自律神経失調症の正体 パニック障害が関係していることもある

自律神経失調症の正体 パニック障害が関係していることもある

自律神経失調症不安との関係

 自律神経失調症は慢性的に続き、時に突然に悪化し不安になってくる病気ですが、自律神経失調症の患者さんとたくさんお会いしていると、季節の移り変わりの時期や雨など天候の変動が大きいときなどとも関係するように思えてきます。

6月も後半になりました。天気の移り変わりも激しいこの季節、朝晩の気温差や気圧の変化が大きく、日が長くなり、朝早くに目が覚めたり、体調を崩しがちになりやすいですよね。

 では、皆さんの「体調を崩す」にはどのようなものがあるでしょうか?。

 胸がドキドキする、手が震える、はきけがする、喉が詰める、頭が痛い、なんだか息苦しい、胸が苦しい、軽いめまい、手先が冷たい感じ、しびれる、顔のほてり、いつもより汗をかきやすいなどによって様々な症状があると思います。自律神経失調症ではないかと悩む人もいます。

 どの症状をとっても不快な感覚だと思いますが、これらは、日々刻々と、気温や湿度、気圧などが変化する環境で、暮らしていく限り、時々は体験する自然な体の症状です。

しかし、このような不快な体の感覚が、不安感や発作を引き起こすことがあります

それは、自律神経失調症と呼ばれる症状です。もともと自律神経は、交感神経と副交感神経の2つで体の調節をしているのですが、ストレスなど不安が強いと影響を受けます。心のアクセルと呼ばれる交感神経が強くなり、慢性のパニック障害の身体症状(弱いパニック発作が常時起きてアイドリング状態)になる場合が考えられます。

自律神経失調症にはいろんな病態が含まれている

 また、これとは別に、発達障害などの場合、特に自閉スペクトラム症では、外部からの感覚が過敏な一方で体の内部感覚には鈍感になったりと、胃腸などの調整がうまく行かず不調が生じ、そこに、こだわっててしまい、悪循環に陥いることあります。また元々不安が強いので、上記のように不安から身体症状が生じたりします。このように自律神経失調症と一口に言っても、いろんな病態が含まれています。

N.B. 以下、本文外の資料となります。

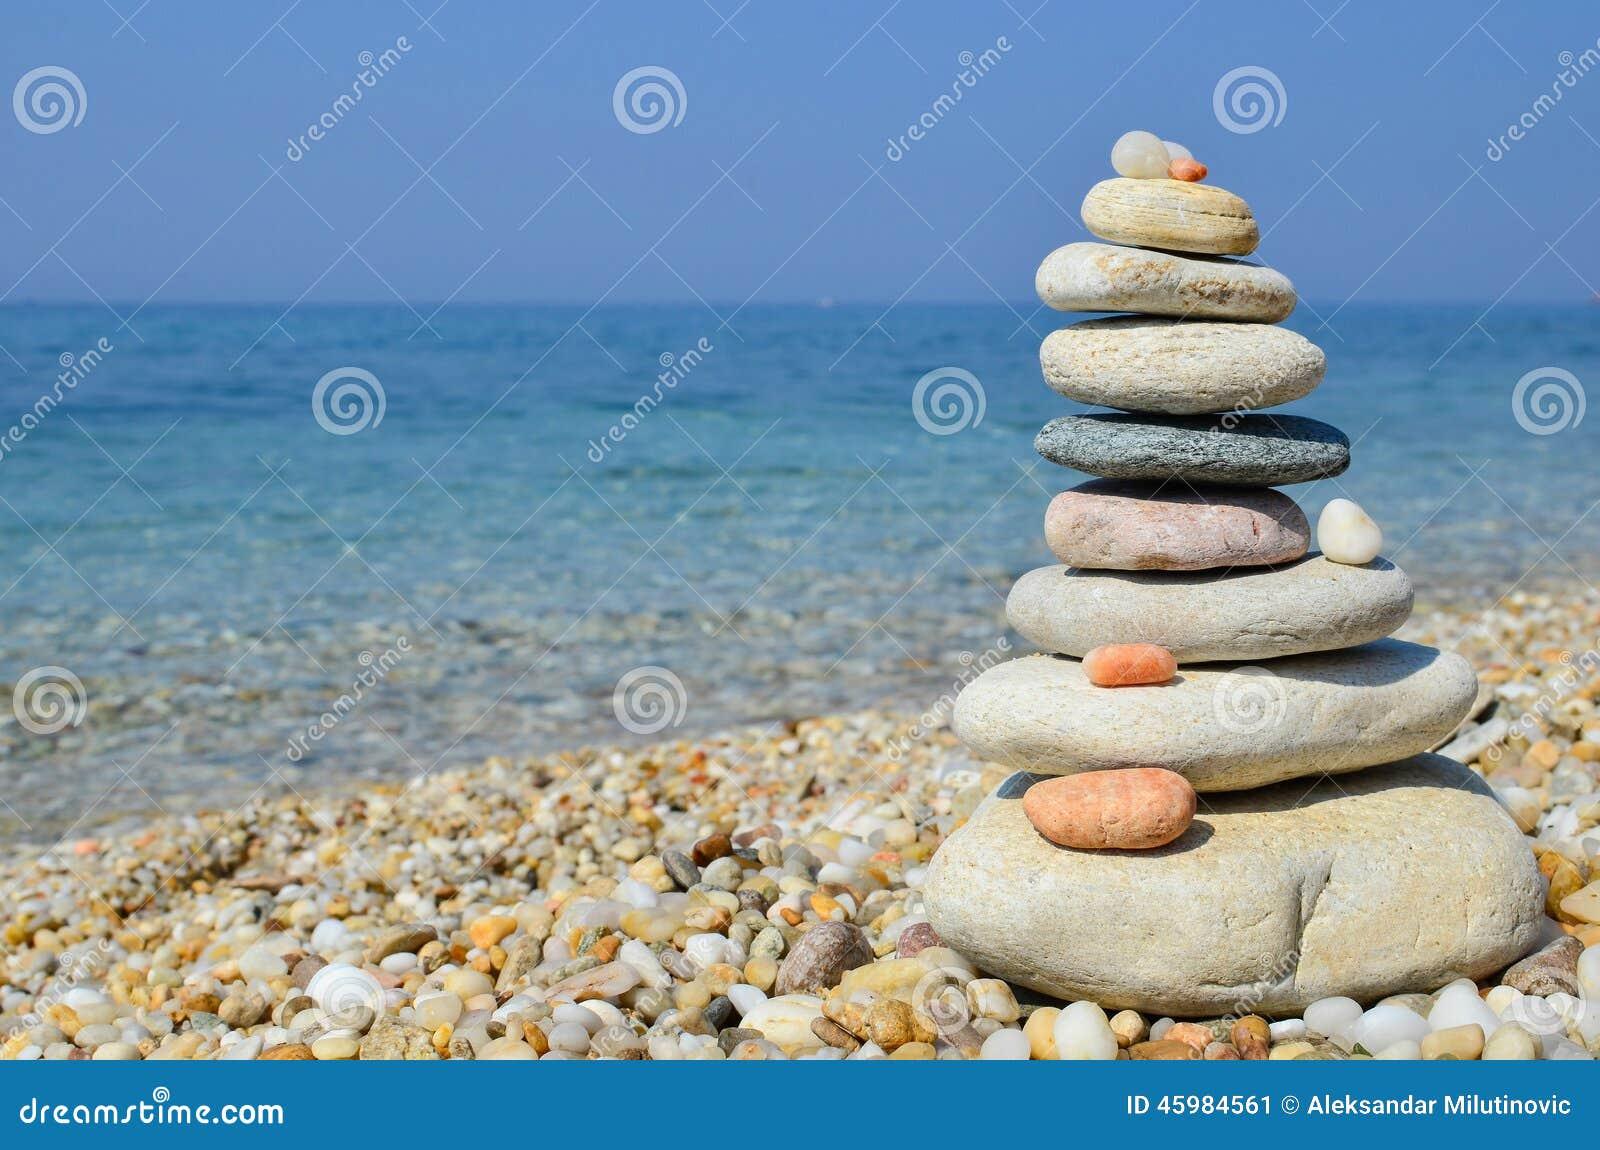 Zen stones on a beach

 しかし、なんと言っても、不安→交感神経が過剰に活動といった流れが大きく関わっています。パニック障害とのも関係してきます。

自律神経失調症とパニック障害の慢性症状の関係

 体の感覚、特に皮膚などの感覚から不安を起こし、そのことで皮膚の感覚に意識が集中し、ちょっとの皮膚の変化でも、敏感に反応します。そことで、また不安になるので、いつも小さな不安が続いている状態が続きます。時に、何かの拍子に急変すると自律神経失調症の交感神経症状が強く出てきます。ドキドキする、めまい、のどが詰まるなどの症状です。ここで死んでまうような恐怖が出ると、パニック発作と呼ばれる体の症状と恐怖です。この「突然」というのが、つらいところです。パニック障害の人は、発作が起きているときには「心臓や脳の重い病気だったらどうしよう?」と不安になります。発作が起きていないときには「また発作が起きるのではないか?」という予期不安に脅えて暮らします。電車に乗れない、車で渋滞、高速道路、ショッピングモールに入ると怖いなど避けるてしまう苦手な場所ができて日常生活に支障をきたすこともあります。

何回も、パニック発作がおきると、起きていないときの体の症状に意識が集中します。体の異変が気になって仕方がなくなります。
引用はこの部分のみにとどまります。